Fourthly, and lastly, How he lives for ever to make intercession for 
us. 
    First, What it is for Christ to be an intercessor for us. To 
intercede in general, is to go betwixt two parties, to intreat, 
argue, and plead with one for the other. And of this there are two 
sorts; 1. Ex charitate, ut fratres, that whereby one Christian prays 
and pleads with God for another, 1 Tim. 2: 1. 2. Ex officio 
mediatorio, that whereby Christ, as an act of office, presents 
himself before God to request for us. Betwixt these two is this 
difference, that the former is performed not in our own, but in 
another's name; we can tender no request to God immediately, or for 
our own sake, either for ourselves, or for others: John 16: 23 
"Whatsoever ye shall ask the Father in my name, he will give it 
you." But the latter, which is proper to Christ, is an intercession 
with God for us, in his own name, and upon the account of his own 
proper merit; the one is a private act of charity, the other a 
public act of office; and so he is our advocate or court friend, as 
Satan is or accuser or court-adversary. Satan is "ho antidikos", one 
that charges us before God, 1 Pet. 5: 8. and continually endeavours 
to make breaches between us and God. Christ is "ho parakletos", our 
attorney, or advocate, that pleads for us, and continues peace and 
friendship between us and God, 1 John 2: 2. "If any man sin, we have 
an advocate with the Father, Jesus Christ the righteous. 

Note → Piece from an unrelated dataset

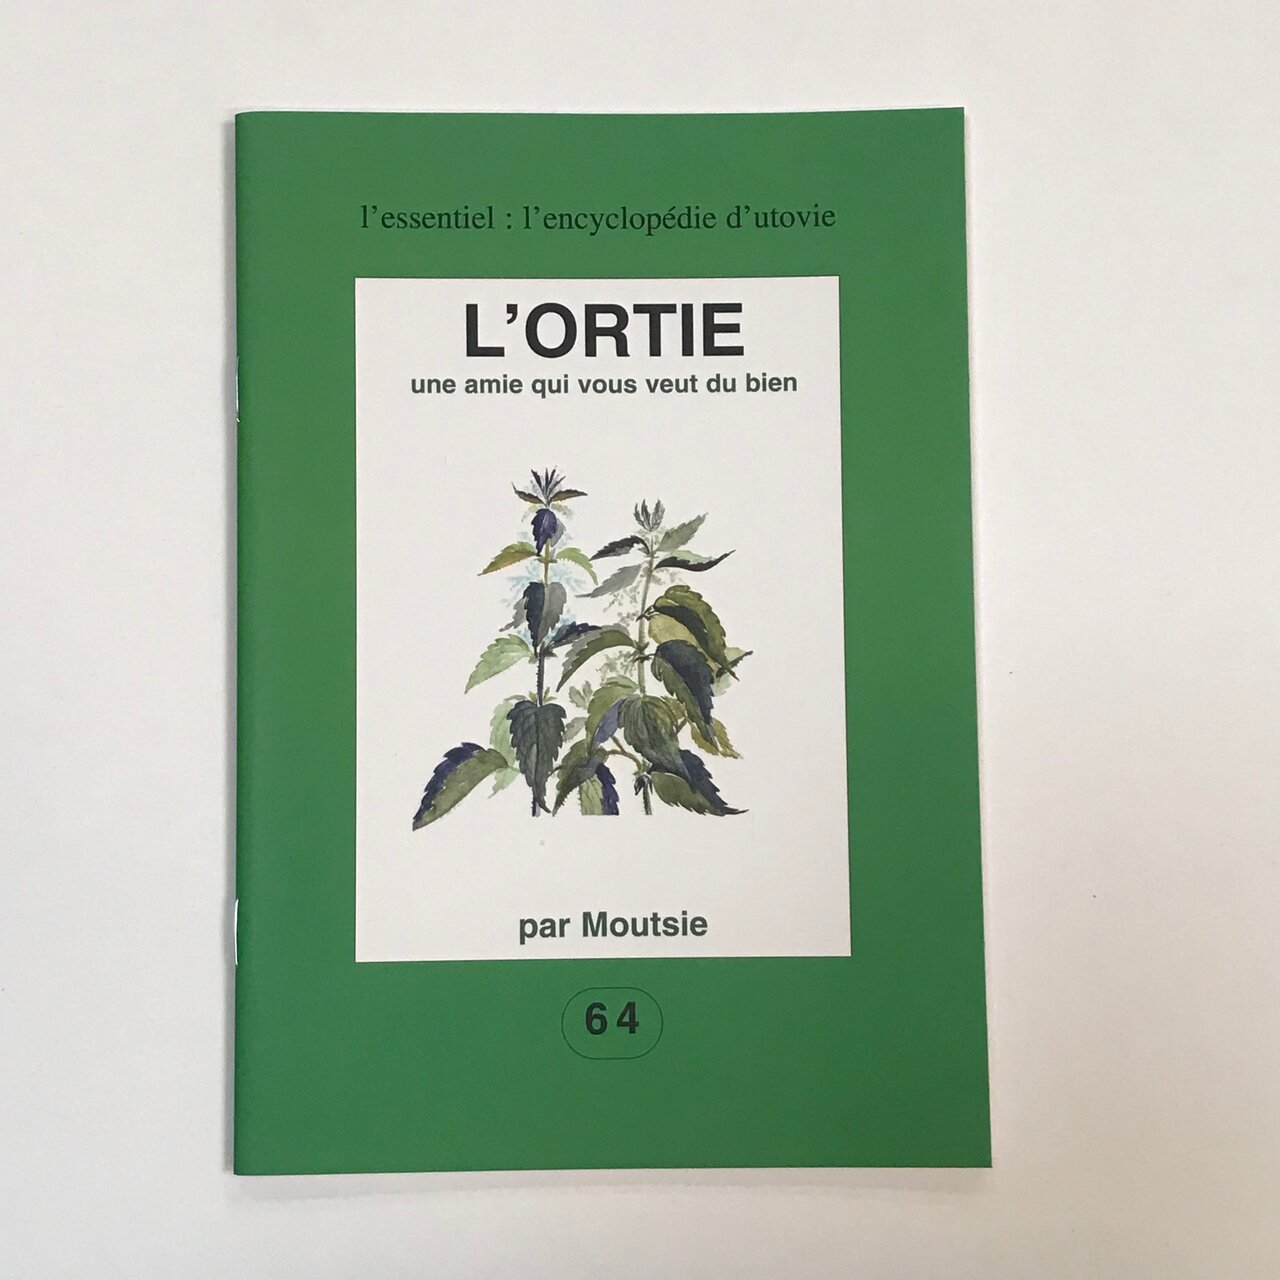 Connaissance des Plantes - L'Ortie - une amie qui vous veut du bien

    And thus to make intercession, is the peculiar and 
incommunicable prerogative of Jesus Christ, none but he can go in 
his own name to God. And in that sense we are to understand that 
place, Ezek. 44: 2, 3. "Then said the Lord unto me, This gate shall 
be shut, it shall not be opened, and no man shall enter in by it, 
because the Lord the God of Israel has entered in by it, therefore 
it shall be shut. It is for the prince, the prince he shall sit in 
it, to eat bread before the Lord," &c. The great broad gate, called 
here the prince's gate, signifies that abundant and direct entrance 
that Christ had into heaven by his own merits, and in his own name; 
this, saith the Lord, shall be shut, no man shall enter in by it; 
all other men must come thither, as it were, by collateral or side 
doors, which looked all towards the altar, viz. by virtue of the 
Mediator, and through the benefit of his death imputed to them. 

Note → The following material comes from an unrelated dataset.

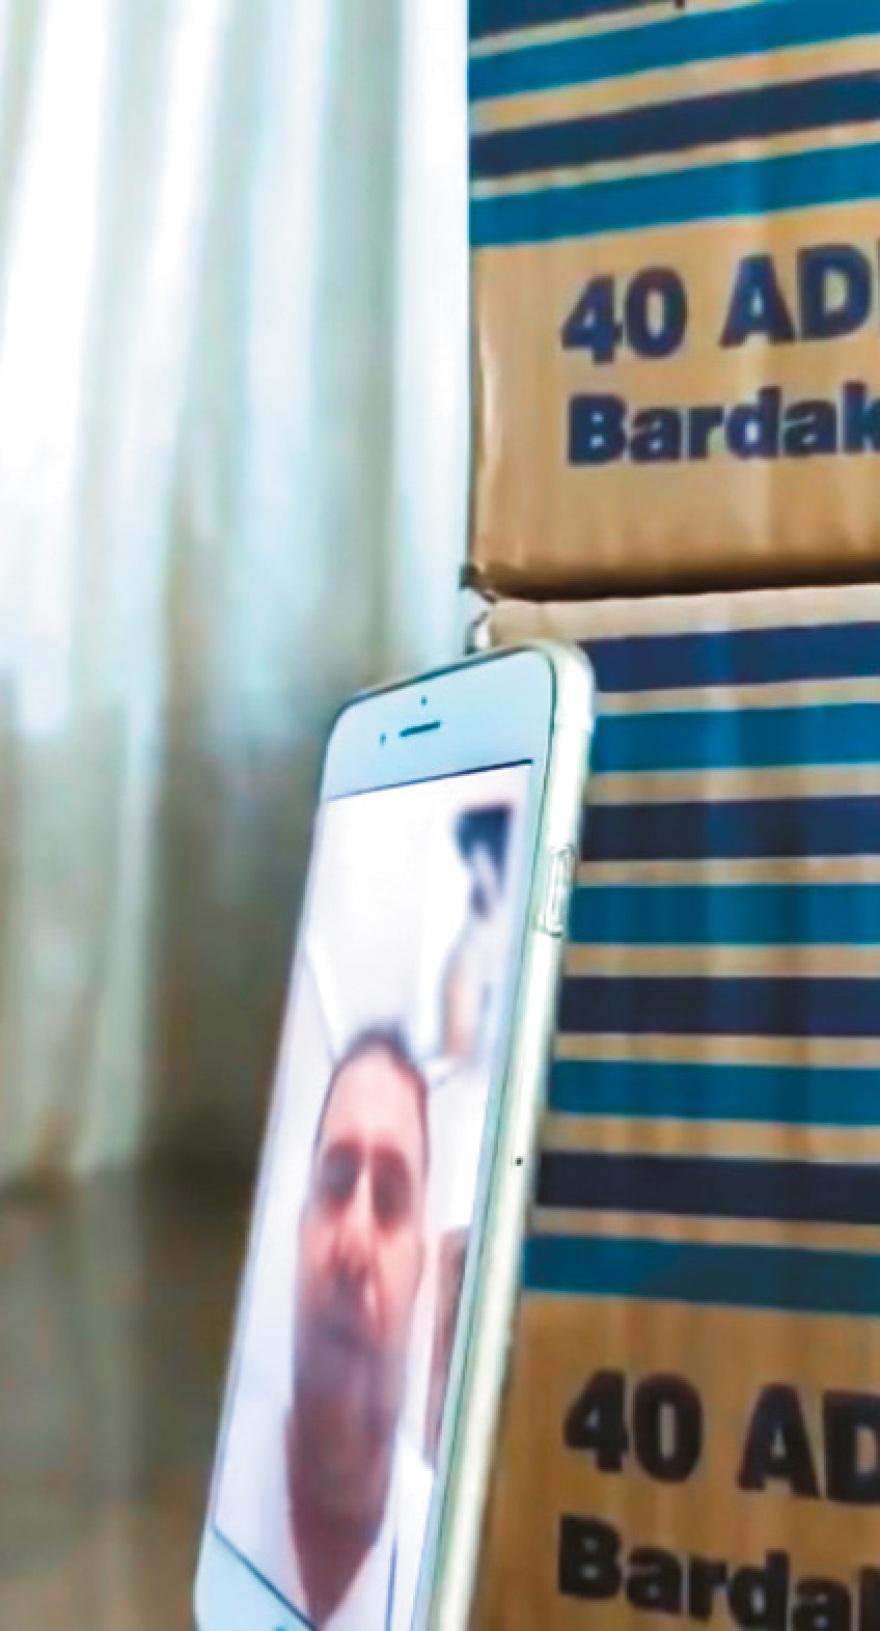 """Ροζ βίντεο στα κατεχόμενα: Πώς ο μαφιόζος γελοιοποίησε τα """"τσιράκια του Ερντογάν"""""""

    And yet, though God has for ever shut up and barred this way to 
all the children of men, telling us that no man shall ever have 
access to him in his own name, as Christ the Prince had; how do 
some, notwithstanding, strive to force open the Prince's gate? So do 
they, that found the intercession of saints upon their own works and 
merits, thereby robbing Christ of his peculiar glory; but all that 
so approach God, approach a devouring fire; Christ only, in the 
virtue of his blood, thus comes before him, to make intercession for 
us. 
    Secondly, We will enquire wherein the intercession of Christ in 
heaven consists, or by what acts he performs his glorious office 
there. And the scriptures place it in three things: 
    1. In his presenting himself before the Lord in our names, and 
upon our accounts. So we read in Heb. 9: 28. "Christ is entered 
into heaven itself, now to appear in the presence of God for us." 

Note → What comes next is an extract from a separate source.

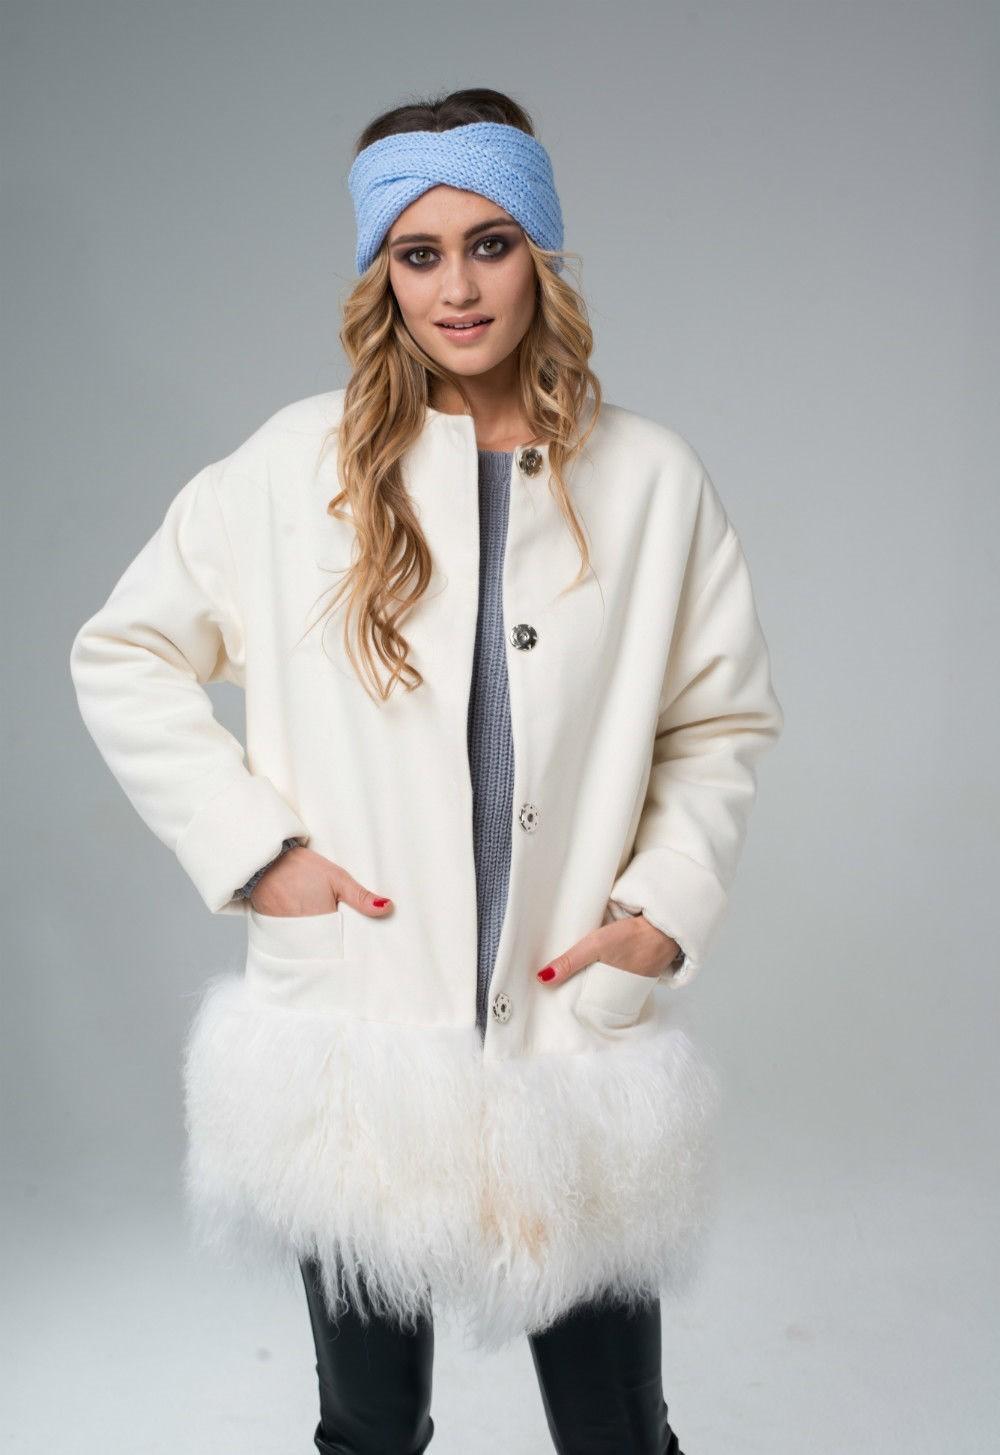 Тренды осень зима 2019: белое пальто с перьями

The apostle manifestly alludes to the High-priest's appearing in the 
holy of holies, which was the figure of heaven, presenting to the 
Lord the names of the twelve tribes of Israel, which were on his 
breast and shoulders, Exod. 28: 9,12, 28, 29. To which the church is 
supposed to allude in that request, Cant. 8: 6. "Set me as a seal 
upon thine heart, as a seal upon thine arm." Now the very sight of 
Christ, our High priest in heaven, prevails exceedingly with God, 
and turns away his displeasure from us. As when God looks upon the 
rainbow, which is the sign of the covenant, he remembers the earth 
in mercy: so when he looks on Christ, his heart must needs be 
towards us, upon his account; and therefore in Rev. 4: 3, Christ is 
compared to a rainbow encompassing the throne. 
    Christ performs his intercession-work in heaven, not by a naked 
appearing in the presence of God only, but also by presenting his 
blood, and all his sufferings to God, as a moving plea on our 
account. Whether he makes any proper oral intercession there, as he 
did on earth, is not so clear; some incline to it, and think it is 
countenanced by Zechariah, chap. 1: 12,13. Where Christ our 
Intercessor presents a proper vocal request to the Father, in the 
behalf of his people; saying "O Lord of hosts, how long wilt thou 
not have mercy on Jerusalem, and on the cities of Judah, against 
which thou hast had indignation these threescore and ten years? And 
the Lord answered him with good and comfortable words." And so Acts 
2: 23. as soon as he came to heaven, he is said (and that is the 
first fruits of his intercession) to obtain the promise of the Holy 
Ghost. But sure I am, an interceding voice is by an usual 
prosopopeia attributed to his blood; which in Heb. 12: 24. is said 
"to speak better things than that of Abel." Now Abel's blood and so 
Christ's, do cry unto God, as the hire of the labourers unjustly 
detained, or the whole creation, which is in bondage, through our 
sins, is said to cry and groan in the ears of the Lord, Jam. 5: 4. 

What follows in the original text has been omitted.